──────── DATA IN THIS EXERCISE ────────

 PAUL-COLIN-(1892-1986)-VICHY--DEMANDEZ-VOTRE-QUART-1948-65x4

────────
──────── DATA IN THIS EXERCISE ────────

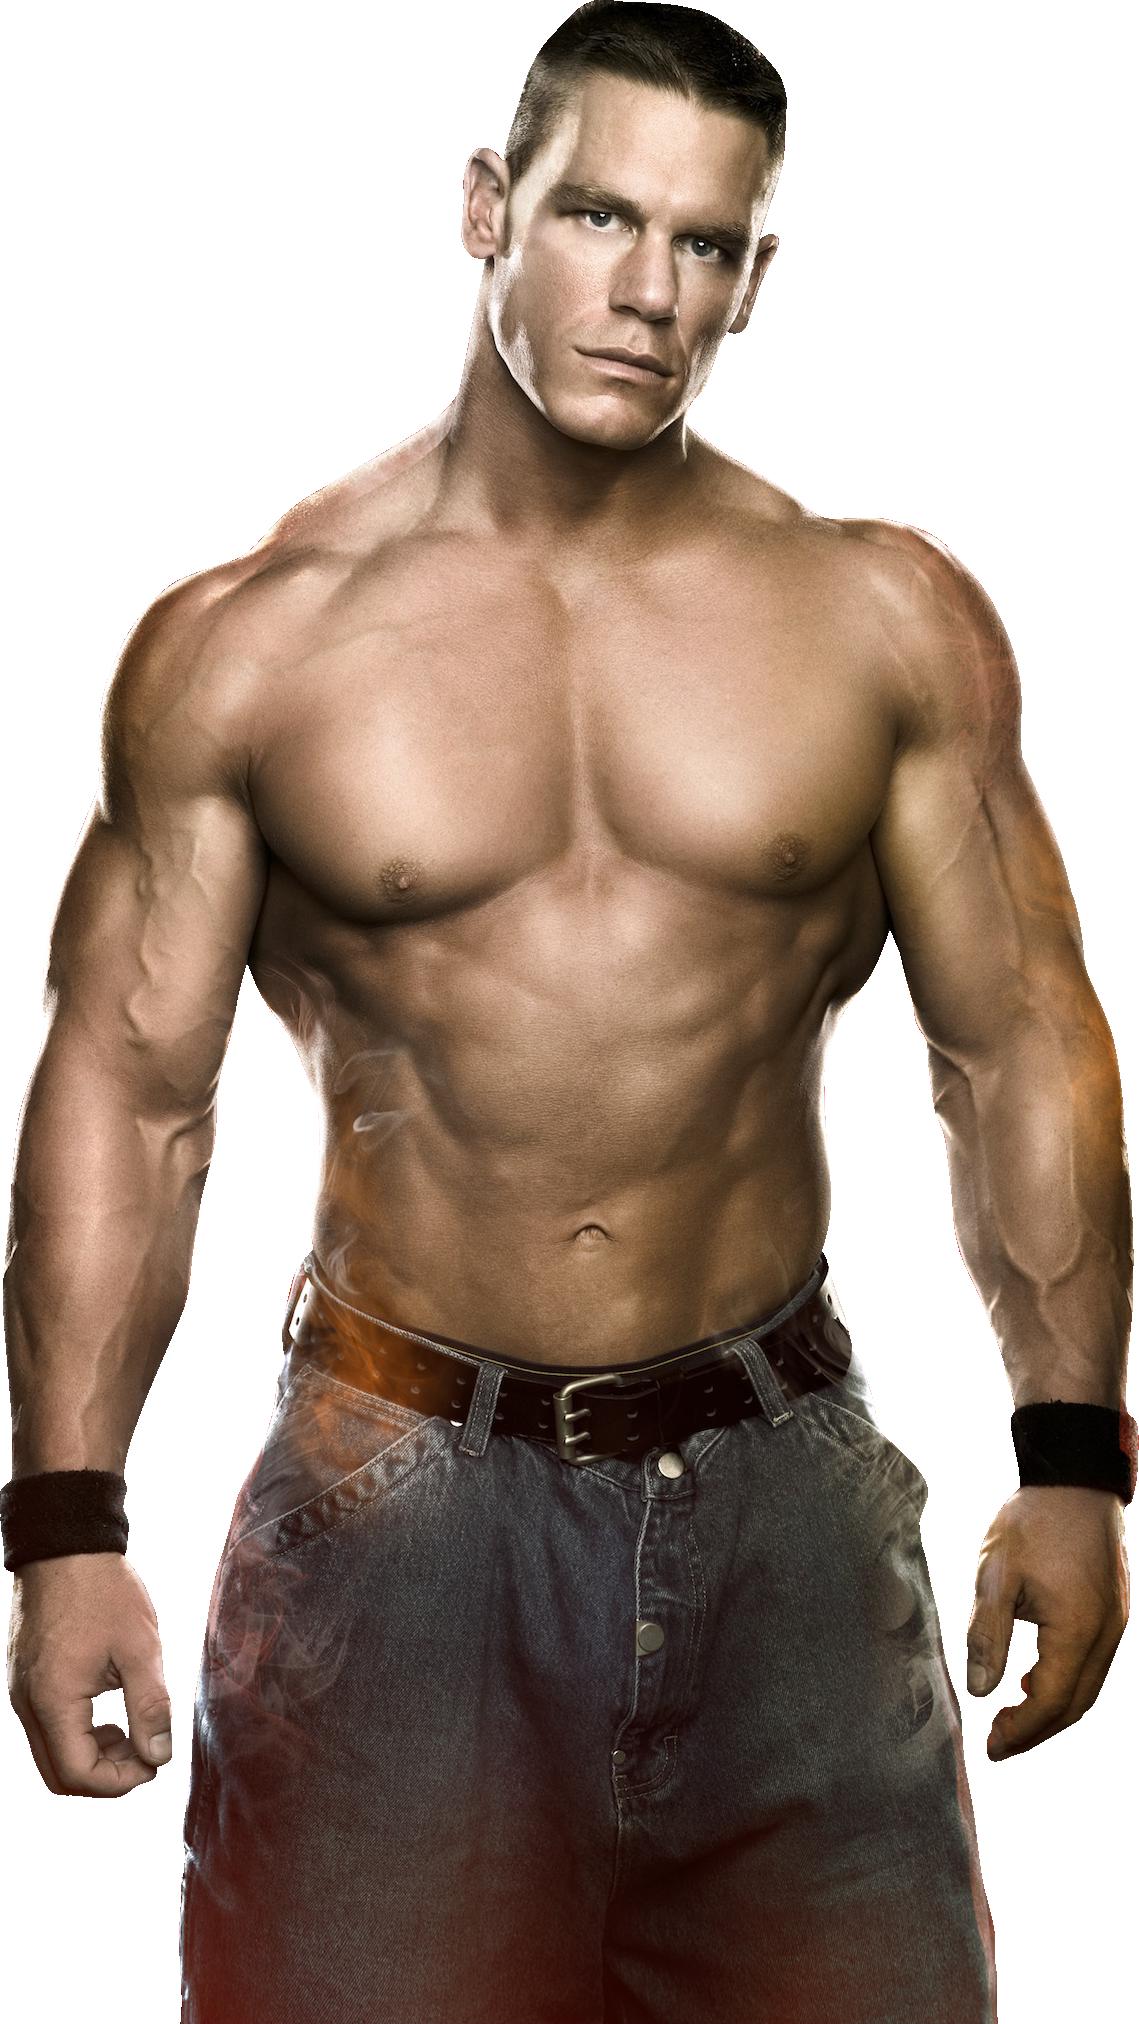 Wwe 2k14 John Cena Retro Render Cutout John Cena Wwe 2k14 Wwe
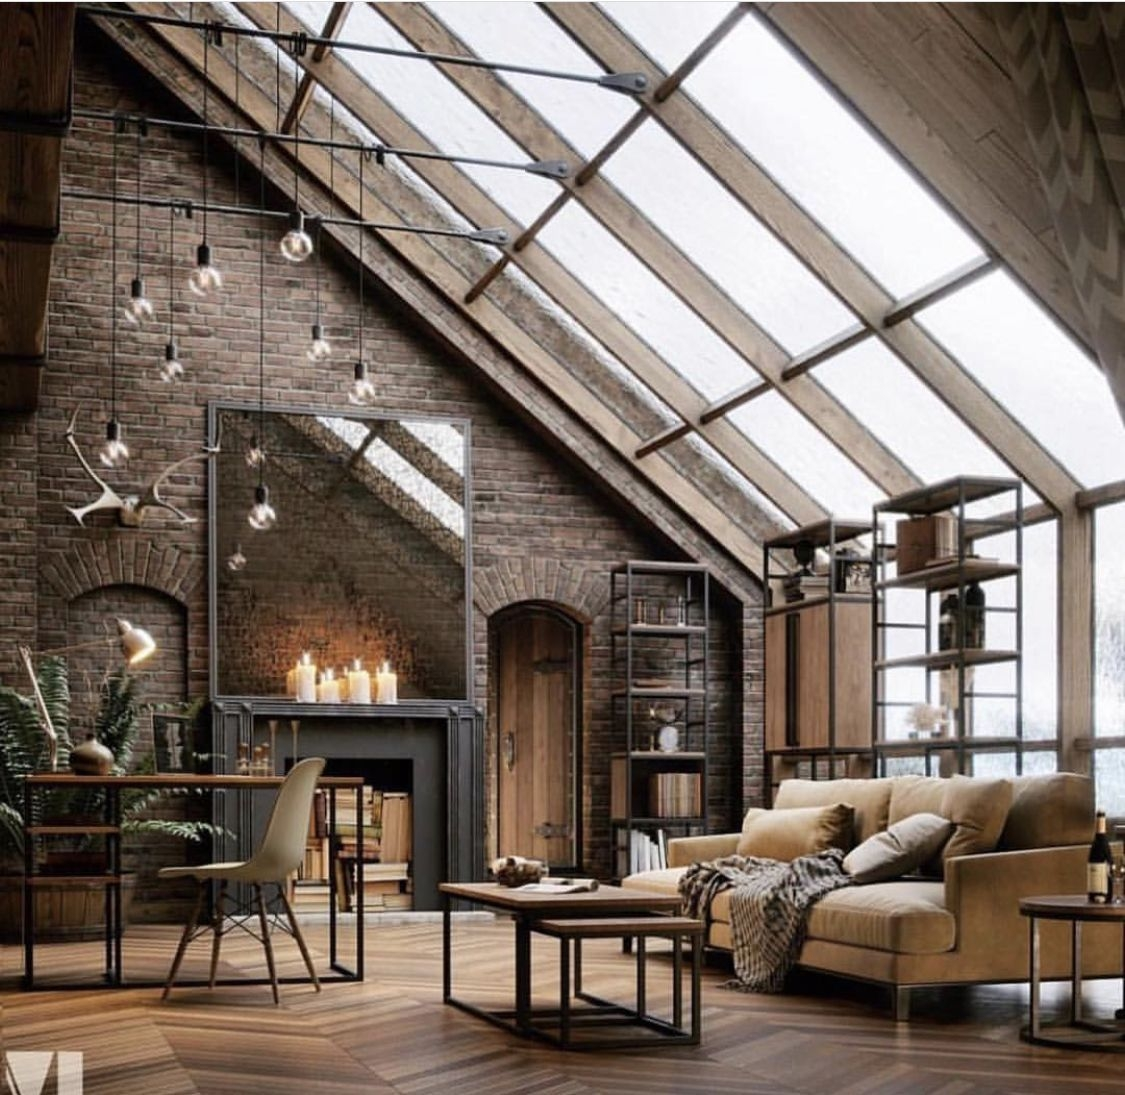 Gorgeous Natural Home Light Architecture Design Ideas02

────────

### ABOUT THIS TASK:
Word for word, restate the lines above from the one with "Wwe 2k14 John" through the one with "Gorgeous Natural Home", keeping both ends and dropping the pictures.

### ANSWER BOX:
 Wwe 2k14 John Cena Retro Render Cutout John Cena Wwe 2k14 Wwe
 Gorgeous Natural Home Light Architecture Design Ideas02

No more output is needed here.